There is a shear lag factor, but without understanding the geometry I can't help.
 
I’d like to see a sketch also. But in principle you would of course need to consider the combined effect of tension and bending.
 
The section consists of 2 angles placed leg to leg as shown below. The angles are reduced to one at a splice. The horizontal legs are 4”, so the eccentricity between the center of 2 angles and single angle is 3”. Thinking of an angle or WT connected to a plate where the center of force of member is offset from connection in which the eccentricity is typically ignored for tension members.
814567D6-D3DE-496B-B2F5-61E88EDAF352_jrf3lj.png
 
You took the one part of the description that was clear, drew it, and then left out all the stuff that wasn't clear. The image below is how I'm interpreting your description, and I have no idea why anything would be arranged this way. Maybe I'm right and you have an interesting situation that warrants/requires it. Or, as I suspect, I'm still not understanding your description.

Since the tension is presumably equal throughout, why would you ever build it up with two 4" angles when a single 3" angle will do the job on its own?

I've never ignored the eccentricity in the connection. I have judged it to be negligible before, but I didn't ignore it. That was usually when the member was sized for the connection geometry and the resulting tension utilization ratio was about 0.2 and the eccentricity was minor.

angle_splice_igt0b7.png
 
It is an interesting situation and similar to what you’ve sketched except it’s not reduced to a 3” angle, just one of the 4” angles is dropped, which is where the eccentricity comes in.

My understanding is that if the eccentricity is small then it can be neglected for tension members. In tension, the deformation due to eccentricity is restorative vs compression where the deformation amplifies the moment.

If I were to consider the moment from eccentricity, would it just be the tension force times the eccentricity?
 
Yes, you need to consider the eccentricity... You always need to consider the eccentricity... especially for compression members, but even tension. A simple brace at that joint may be all that is necessary...
 
Ah. Misread your statement. Eccentricity is 3", not the single angle.

Draw the FBD. What moment do you get? Don't make it complicated. This is simple statics. Start with the whole system considering e between points of load application and work your way down to just the connection.
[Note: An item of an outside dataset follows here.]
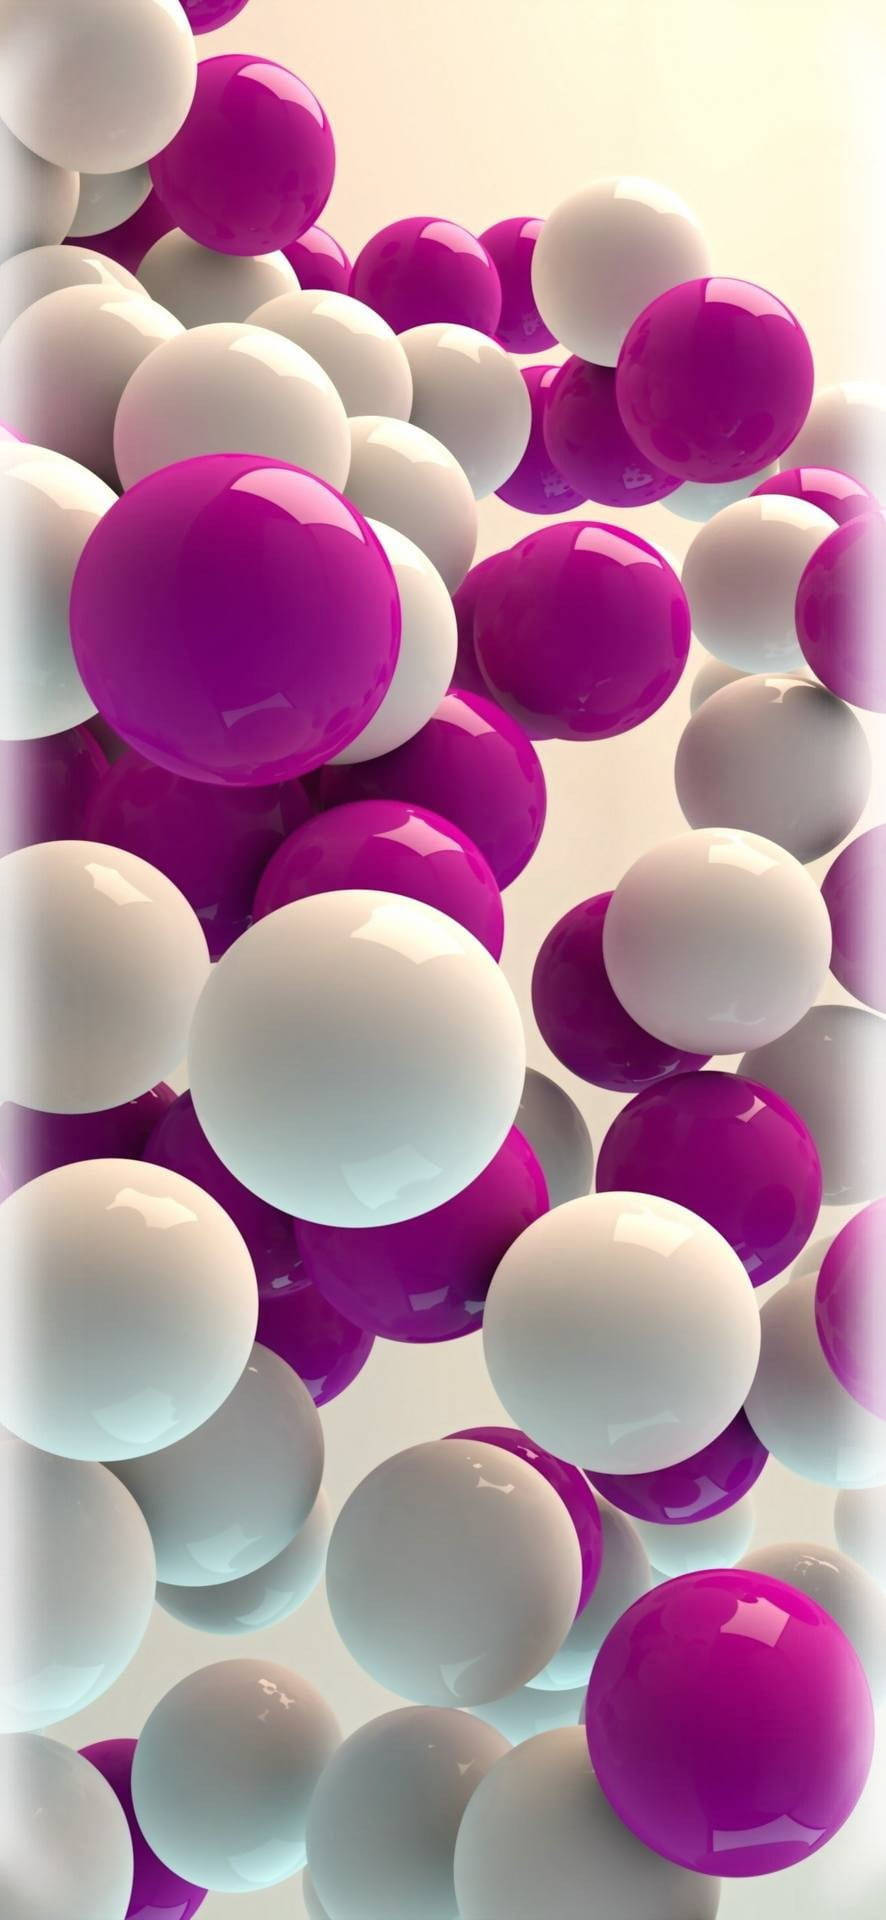 Samsung Galaxy S20 Floating in a Mesmerizing Background of White and Purple Spheres Wallpaper

It may be restorative, but it still causes stresses in the material that can lead to yielding of they are high enough. A small eccentricity in a lightly loaded connecting may be negligible, but the same in a heavily loaded connection may be enough to put it over the edge. Even if the members don't care about the moment, your weld probably will.
 
Structeng1985:
If the single angle tension is o.k. just south of the change to two angles, why do you even need the second angle, on the left, which seems to be causing all the consternation?